# Is it possible to use uber to hire a car for whole day in Memphis?



## Ngxfer001 (Aug 13, 2015)

I m traveling to Memphis, and i need a car with driver. I wonder if i can use uber to rent a car for the whole day? How does it work and the price?


----------



## Renaldow (Jul 17, 2015)

You possibly could. You'd have to get a driver who would agree to do that, many drivers will not. Looking at the Uber page for Memphis it shows the charge is only $0.15/minute so a driver waiting for you would be costing $9/hr plus $1 a mile. If you have a lot of driving someone may do it, but if it's a lot of waiting, I don't think many drivers are willing to wait for you at only $9/hr.

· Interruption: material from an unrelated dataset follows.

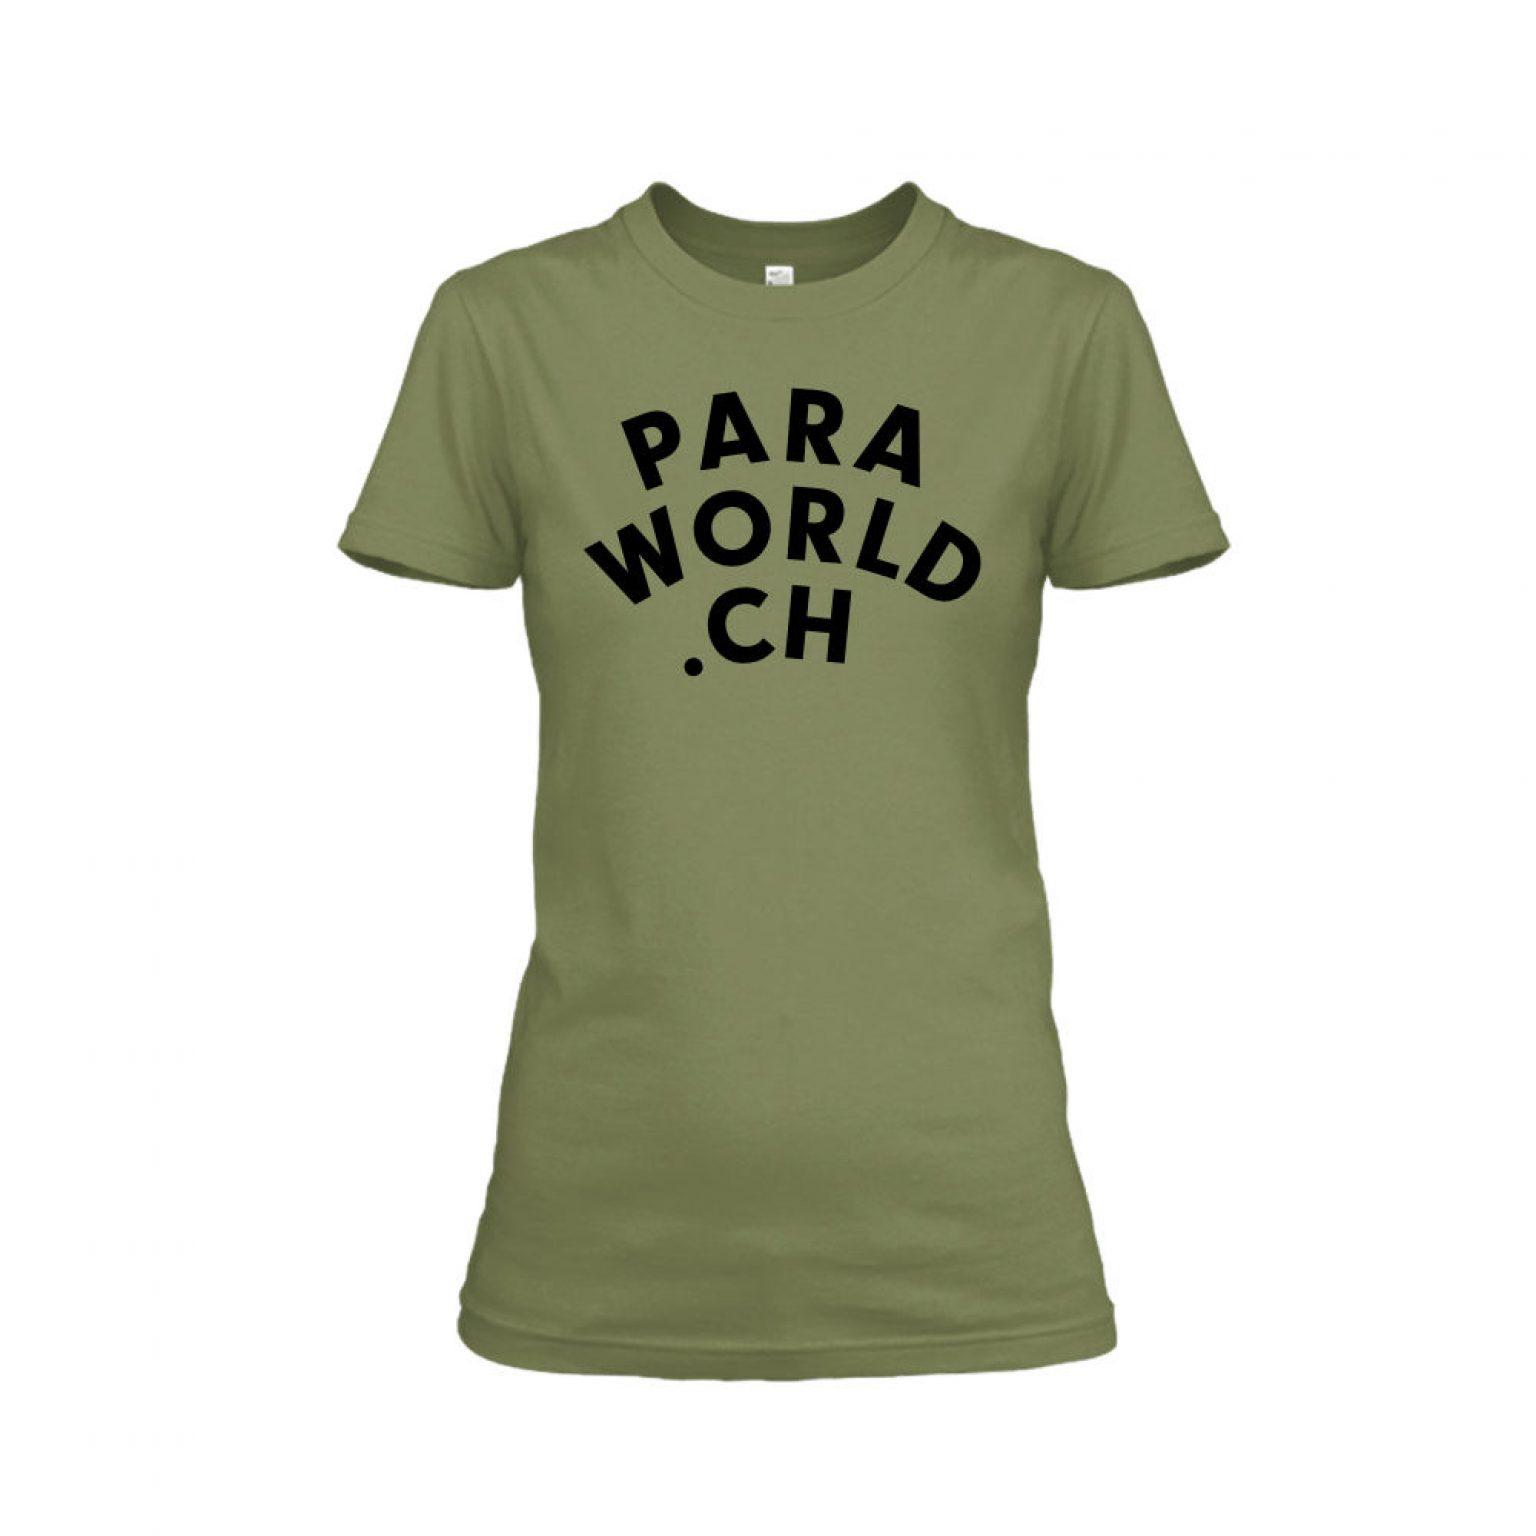 PW ClassicBlack shirt damen military
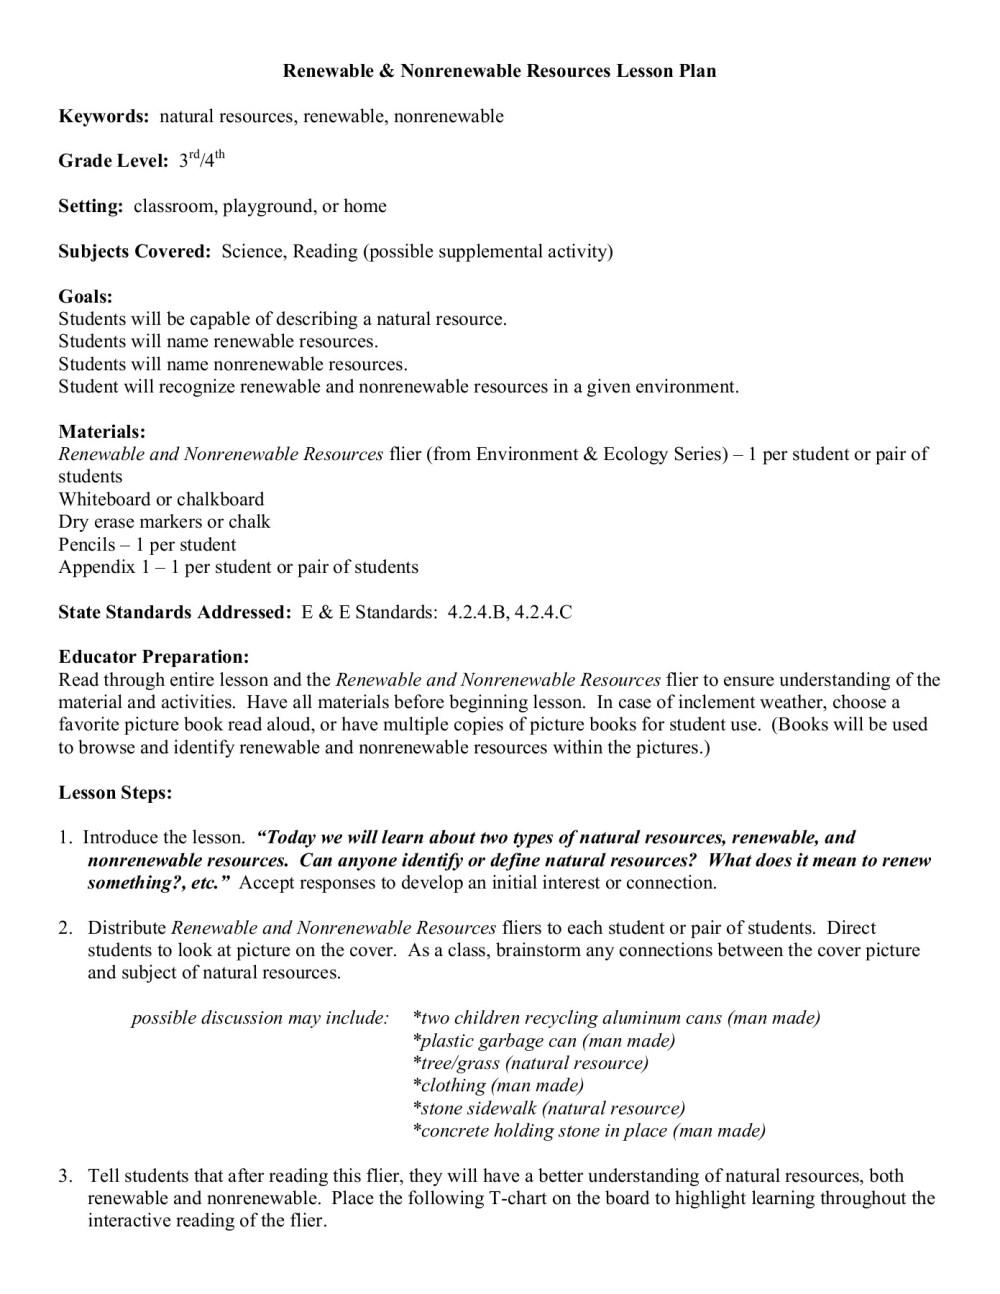 medium resolution of Resources Lesson Plan - Penn State University-Flip eBook Pages 1 - 4   AnyFlip   AnyFlip

How does it work? You request a ride, and when the driver gets there tell them what you have in mind and ask them politely if they'd be willing to do that. When they tell you no you accept that because they drive Uber to earn money, not serve you. And by waiting on you all day they make no money. If they say yes, you are very grateful and have at least $50 cash in your pocket to tip them with at the end of the day. Preferably more.


----------



## Disgusted Driver (Jan 9, 2015)

My suggestion is that when you get your first ride of the day, ask them if they are willing to do it for the day, you can't really prearrange this unless you approach drivers in advance. You will probably have a hard time because the waiting time billed is so low. The 9. an hour and $1 a mile Renaldow mentions is the gross, the driver only gets 80% of that. So I don't think you are going to get someone to wait for $7.20 an hour. If the convenience of having someone at your beck and call is worth it to you I suggest you approach the driver and offer them at least $50 above the fare, promise them that up front then they might be willing.


----------



## thehappytypist (Oct 9, 2014)

Just keep in mind the trip will auto-cancel after 4 hours and you'll have to request a new ride and have your driver accept.


----------



## Teksaz (Mar 16, 2015)

Ngxfer001 why don't you just rent a car? You can get a small car for about $30.00-$40.00 per day. I wouldn't expect one driver for the day unless you tip really well.

I guess you could end the trips and summons another Goober driver when your ready. I'm sure if Memphis is like every other market, there's no shortage of drivers.


----------



## Hondaguy7643 (Apr 18, 2015)

Just get a new Uber driver each time.

If it's insisted on having the same one all day, then do the math and pre-arrange an hourly figure to tip for waiting time. Per some of the posts above it's already known that the driver is making $7.20, after Uber's cut, per waiting hour - meaning no driving. So one could say "I'll tip you $10 per waiting hour". Give the first hour up-front, and the following tips at the end of each hour completed. If you actually get driven around during an hour, tip an extra $5 for the ride itself. So some hour's the tip would be $15 and for hours the driver just wait's they'd get $10. Of course my numbers are purely opinion and just used for example...adjust them based on personal preference and whatever the driver agrees to. That's really the only way I see it working unless a sucker driver gets reeled in to this...in which case that'd be a great deal - for you.


----------



## Simon (Jan 4, 2015)




----------



## WaywerdSon (Jun 28, 2015)

Assuming you will be in areas that are fairly traffic dense, it would be cheaper for you and not much less convenient to request a new car everytime you need it. In most areas of a city like Memphis, 10 minutes is probably your maximum wait time, so its not going to take a ton of extra time and will save you the cash you would be dropping on idle time


----------



## UberLou (May 5, 2015)

I thought it was "Walking In Memphis".........


----------



## DucatiDan (Jul 26, 2015)

Simon said:


>


This is actually a very cool and inventive movie (Collateral) shot that is apt for the topic. I would advice to get your full day tip prior to agreeing to this.
And tell Tom Cruise you're busy!


----------